Saksonya Başbakanı Michael Kretschmer de, Chemnitz’deki ırkçı olayları kınayan açıklamalarda bulundu. Kretschmer, Salı günü eyaletin başkenti Dresden’da yaptığı açıklamada, ölüm ile sonuçlanan bir şiddet eyleminin aşırı sağcılar tarafından siyasi olarak suistimal edilmesinin iğrenç olduğunu ifade etti. Kretschmer, "spontane düzenlenen bir gösteride yabancı gibi görünen insanlara saldırılmasının kabul edilemez” olduğunu da sözlerine ekledi.
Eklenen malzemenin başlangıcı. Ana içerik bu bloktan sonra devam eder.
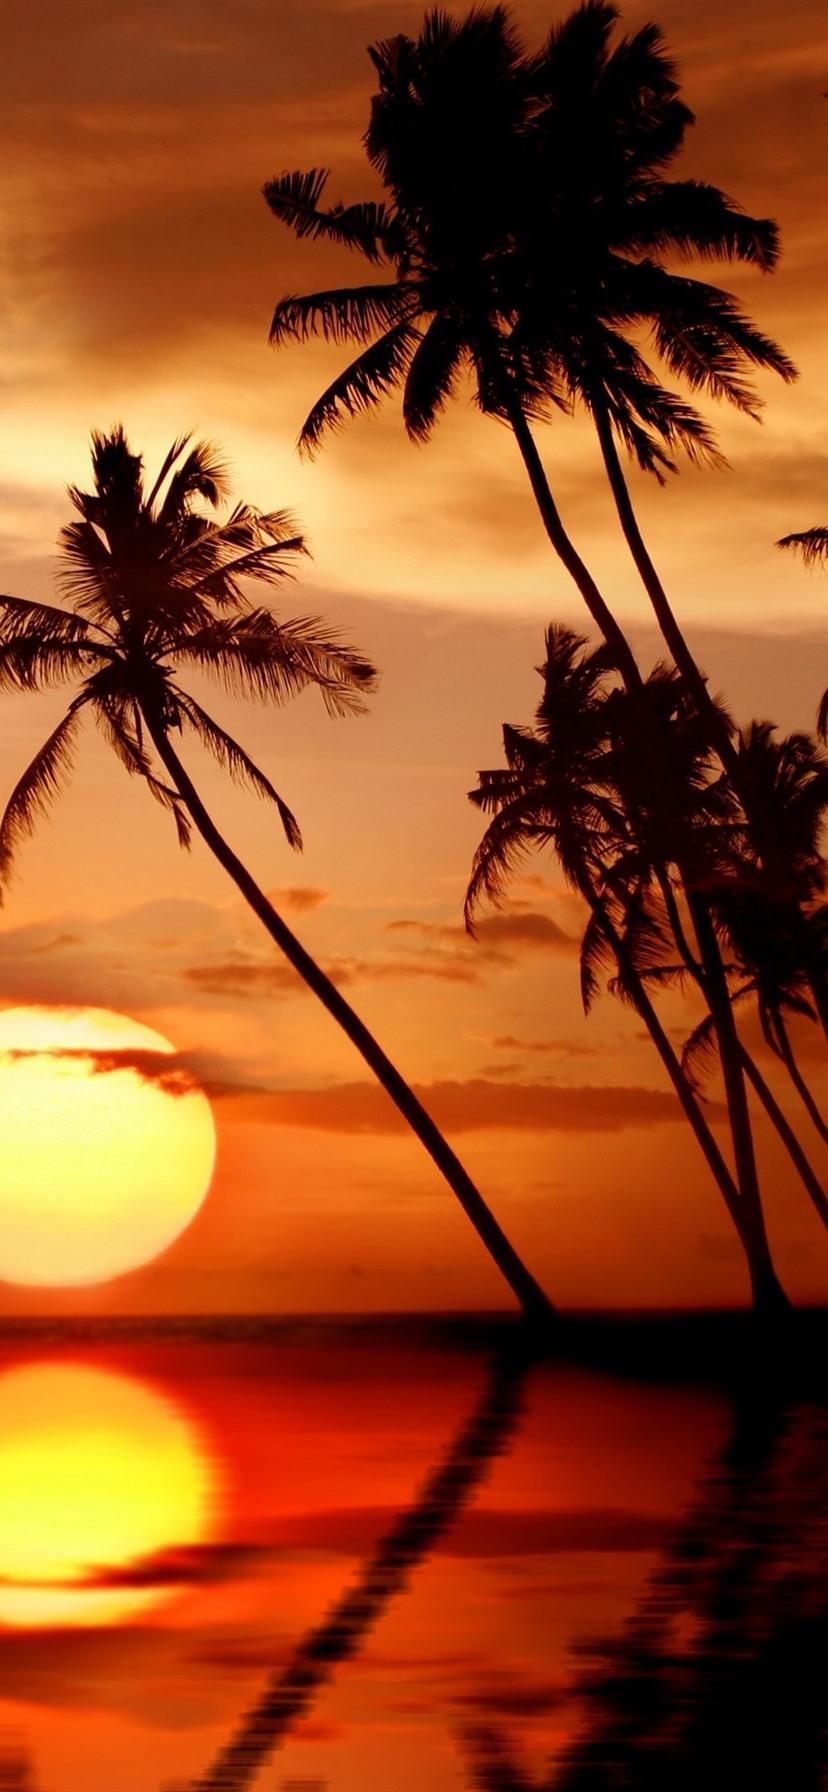 Wallpaper Beautiful Tropical Sunset Palm Trees Sea Beach

Kretschmer, olayların faillerine yönelik olarak takibat yapılacağının da altını çizdi.

Ne olmuştu?

Aşağı Saksonya eyaletinin Chemnitz kentinde Pazar sabahı farklı milliyetlere sahip kişiler arasında çıkan tartışmada bir Alman bıçaklanarak ağır yaralanmış, kaldırıldığı hastanede yaşamını yitirmişti. 35 yaşındaki Alman’ı öldürdükleri şüphesiyle bir Suriyeli ve bir Iraklı tutuklanmıştı.

Bunun üzerine kentte Pazar günü aşırı sağcı grupların çağrısıyla protesto gösterisi düzenlenmişti. Daha sonra internette yayınlanan videolarda, bazı göstericilerin yabancı olduğunu düşündükleri insanları kovaladığı ve tartaklamaya çalıştığı görülmüştü. Pazartesi akşamı da kentte aşırı sağcı ve sol gruplar tarafından gösteriler düzenlenmişti.

Aşırı sağcıların pazartesi akşamı düzenlediği gösteriye tahminlerin üzerine katılım olmuştuFotoğraf: picture-alliance/dpa/S. Willnow

Pro Chemnitz adlı grubun çağrısıyla aşırı sağcıların düzenlediği gösteriye yaklaşık 6 bin kişi katılmıştı. Saksonya’nın yanı sıra Kuzey Ren-Vestfalya, Aşağı Saksonya, Thüringen, Berlin ve Brandenburg eyaletlerinde de bu gösteriye katılım olduğu belirlenmişti. Emniyet müdürlüğü sözcüsü hazırlıklı olmalarına rağmen bu kadar büyük bir kalabalıkla karşılaşacaklarını tahmin etmediklerini açıklamıştı. Pazartesi akşamı kentte güvenliği sağlamak için yaklaşık 600 polis memuru görev yapmıştı.

Sol grupların katıldığı karşı gösteride ise yaklaşık bin göstericinin bulunduğu belirtilmişti. Polisin verdiği bilgilere göre, iki farklı gruptan göstericiler arasında yaşanan şiddet olayları sonucu aralarında iki polis memurunun da bulunduğu 20 kişi yaralanmıştı. Gösterilerde düzeni bozma, anayasa aykırı örgütlerin işaretlerini kullanma, adam yaralama ve toplantı yasalarını ihlal etme iddiasıyla 43 suç duyurusunda bulunulmuştu.